= DATA =
^^^^

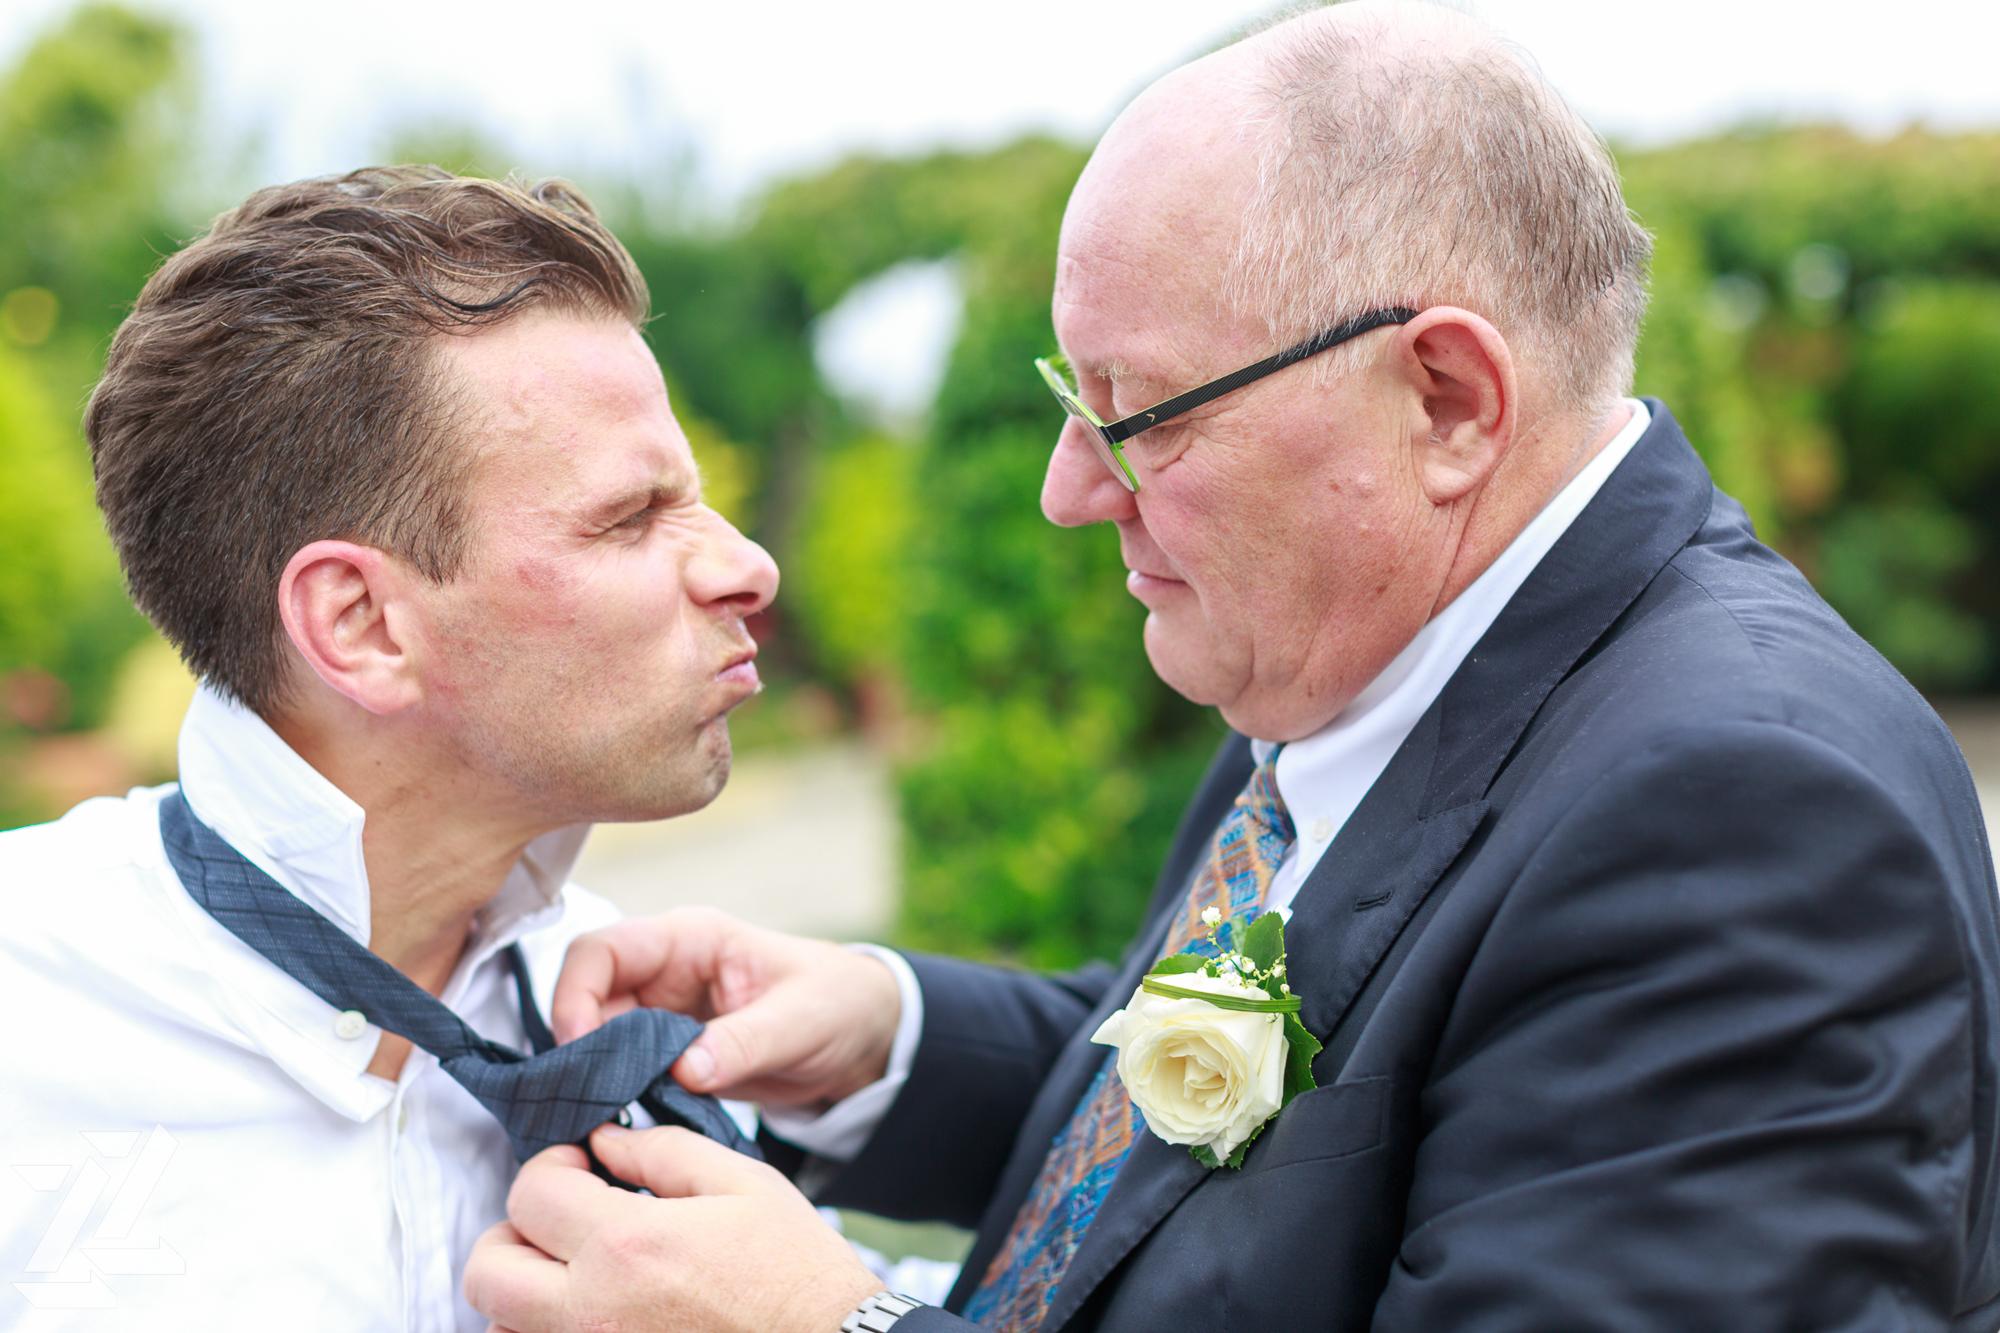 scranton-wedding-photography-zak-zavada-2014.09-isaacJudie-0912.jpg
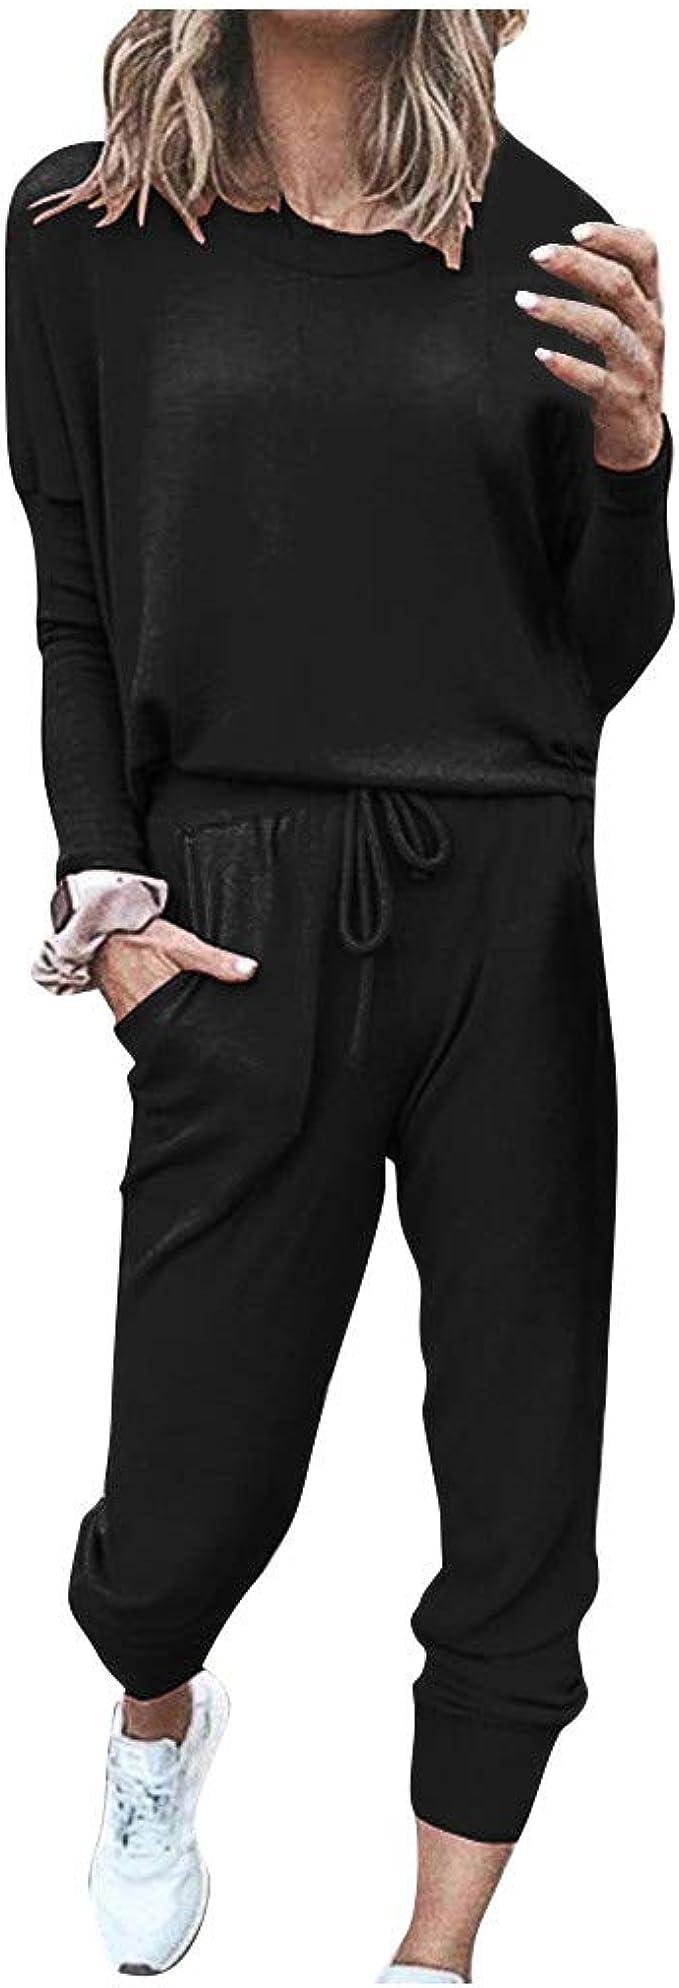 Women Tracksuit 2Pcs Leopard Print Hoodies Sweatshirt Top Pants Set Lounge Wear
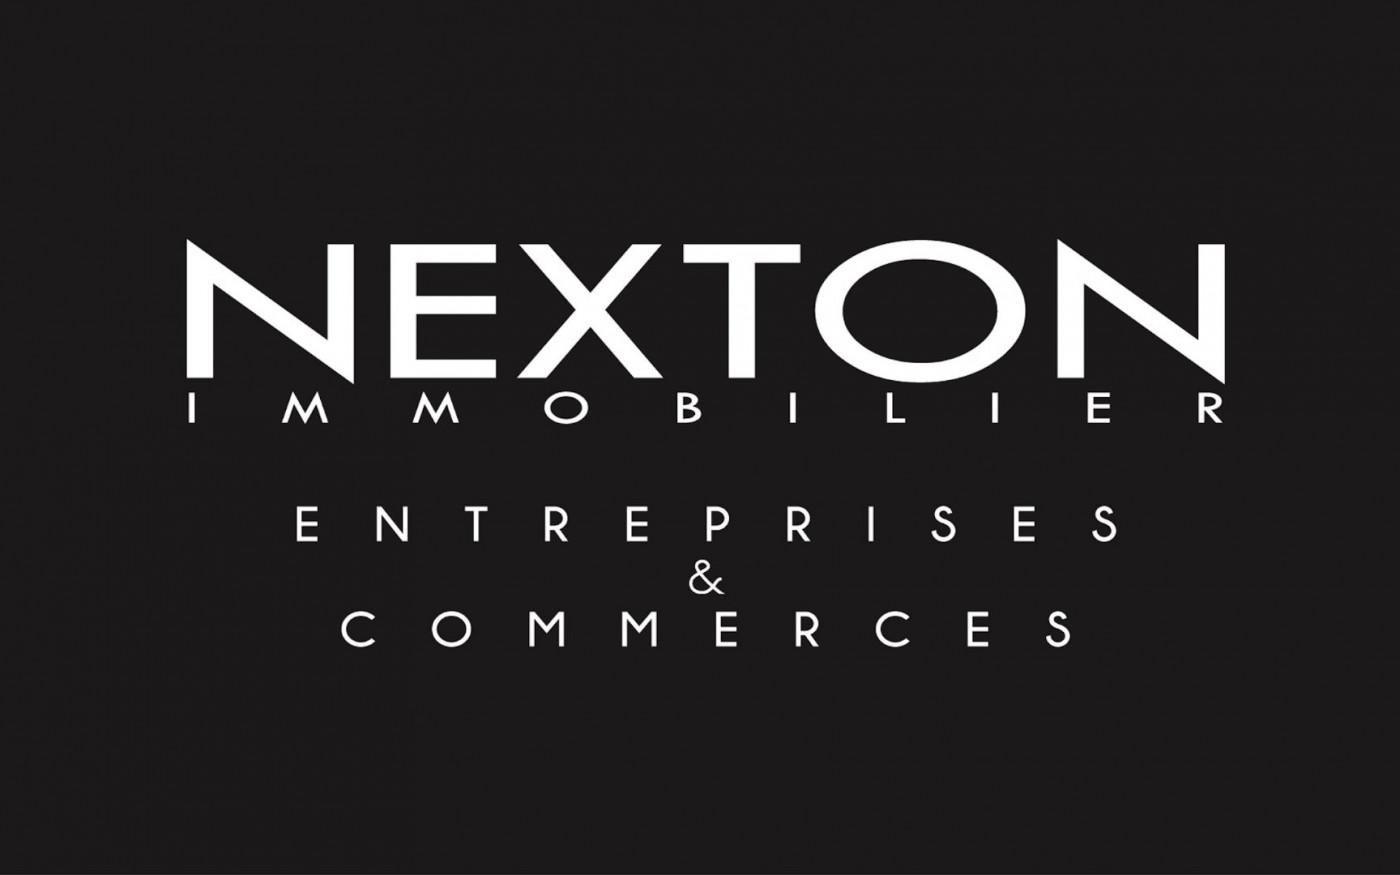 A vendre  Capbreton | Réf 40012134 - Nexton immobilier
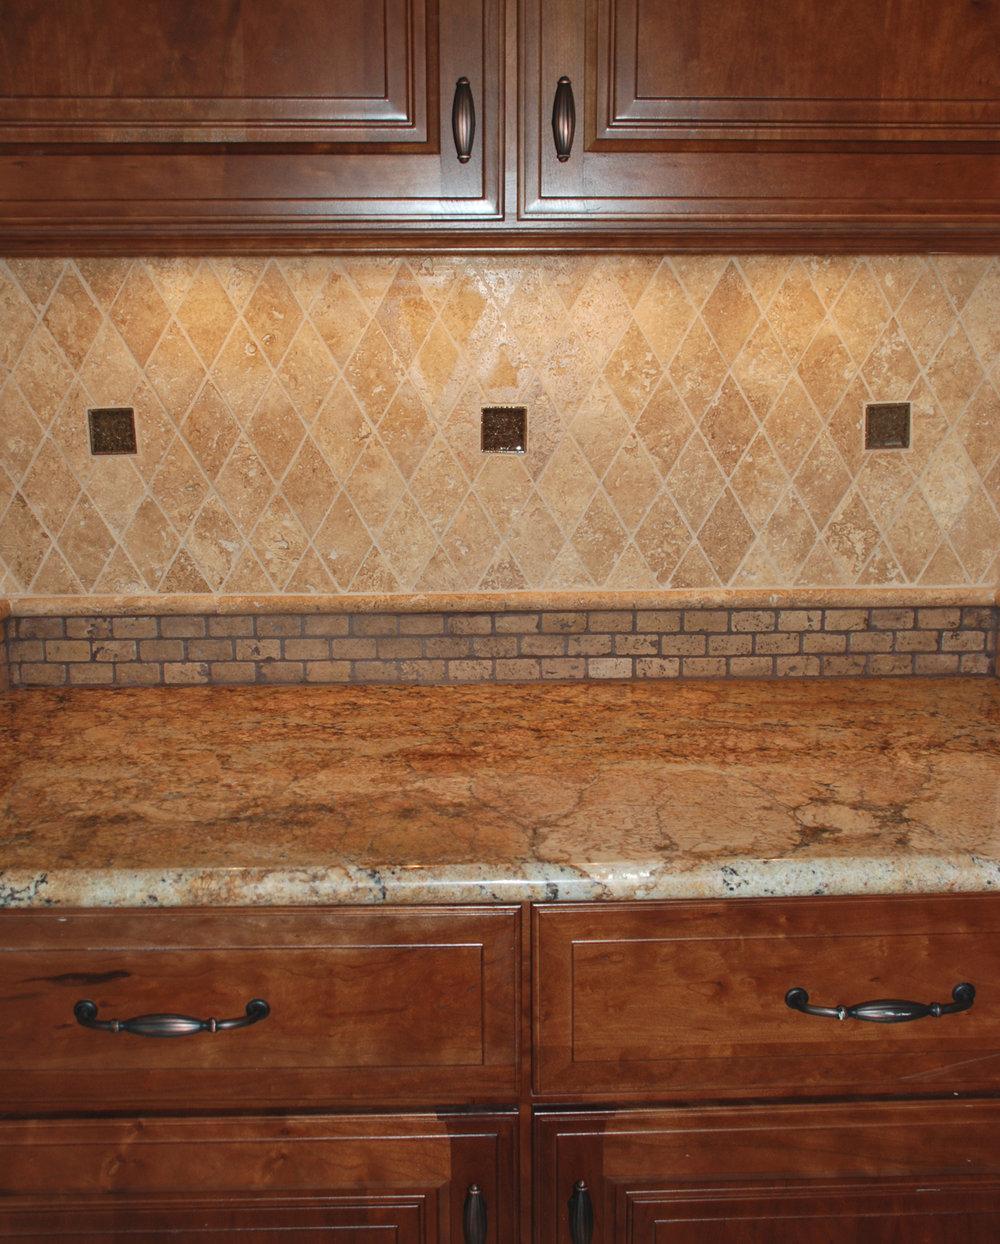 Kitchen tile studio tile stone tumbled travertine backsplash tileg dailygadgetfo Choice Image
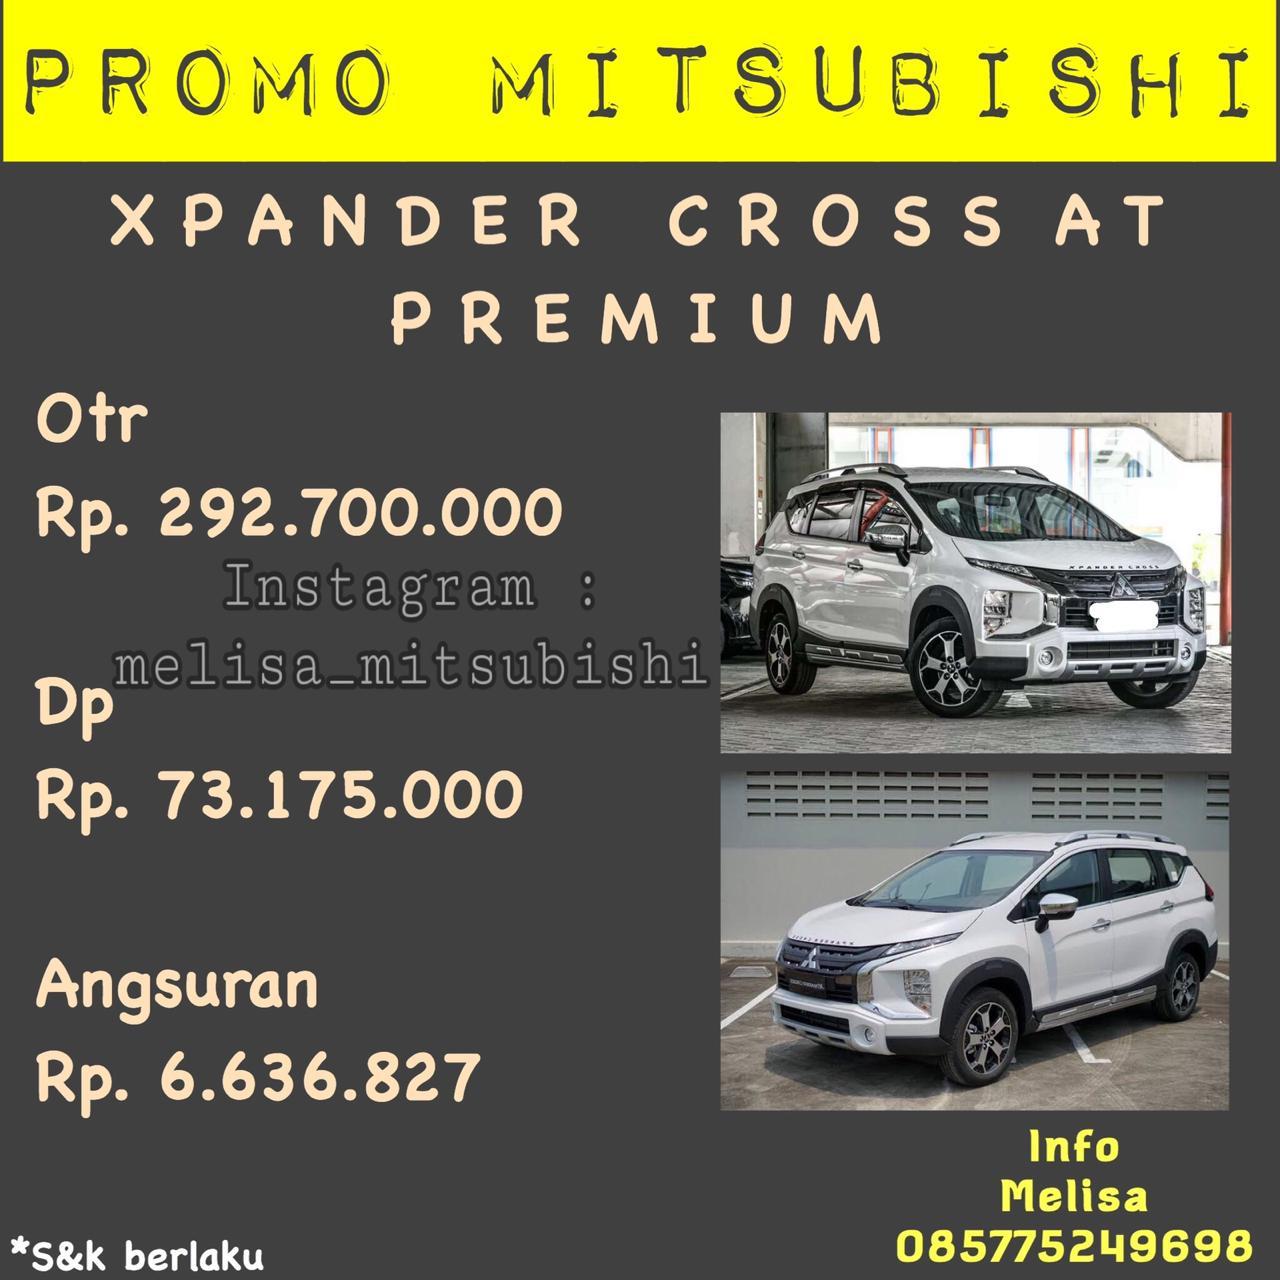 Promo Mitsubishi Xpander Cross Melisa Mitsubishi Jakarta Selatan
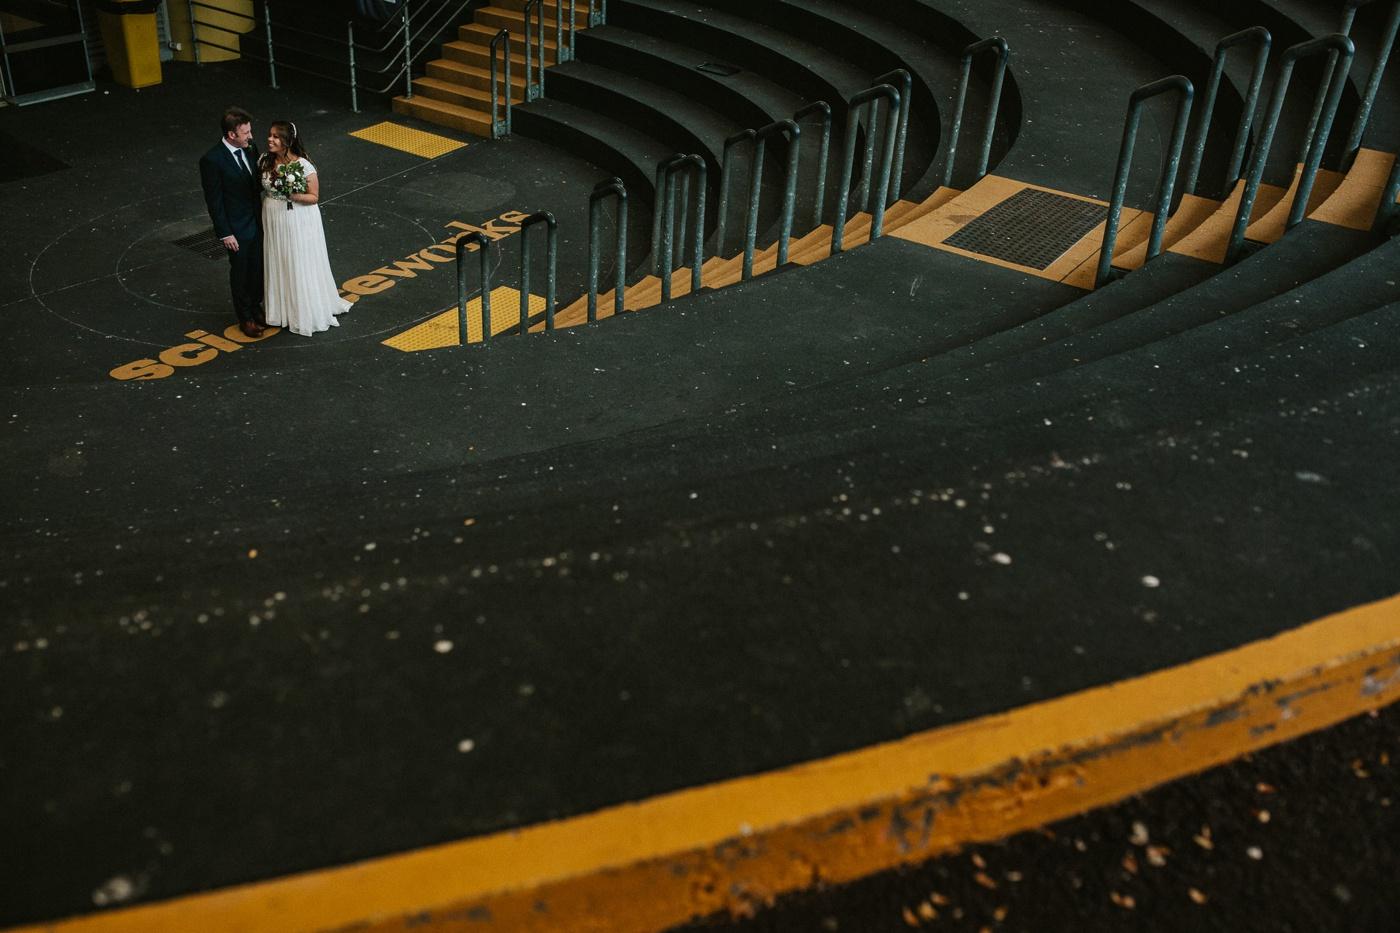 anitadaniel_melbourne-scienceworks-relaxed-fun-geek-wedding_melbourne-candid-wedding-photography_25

^^^^

= WHAT TO DO =
Write out all the records again, exactly, minus any pictures.

= TASK ANSWER =
 scranton-wedding-photography-zak-zavada-2014.09-isaacJudie-0912.jpg
 Women Tracksuit 2Pcs Leopard Print Hoodies Sweatshirt Top Pants Set Lounge Wear
 A vendre  Capbreton | Réf 40012134 - Nexton immobilier
 Kitchen tile studio tile stone tumbled travertine backsplash tileg dailygadgetfo Choice Image
 Promo Mitsubishi Xpander Cross Melisa Mitsubishi Jakarta Selatan
 anitadaniel_melbourne-scienceworks-relaxed-fun-geek-wedding_melbourne-candid-wedding-photography_25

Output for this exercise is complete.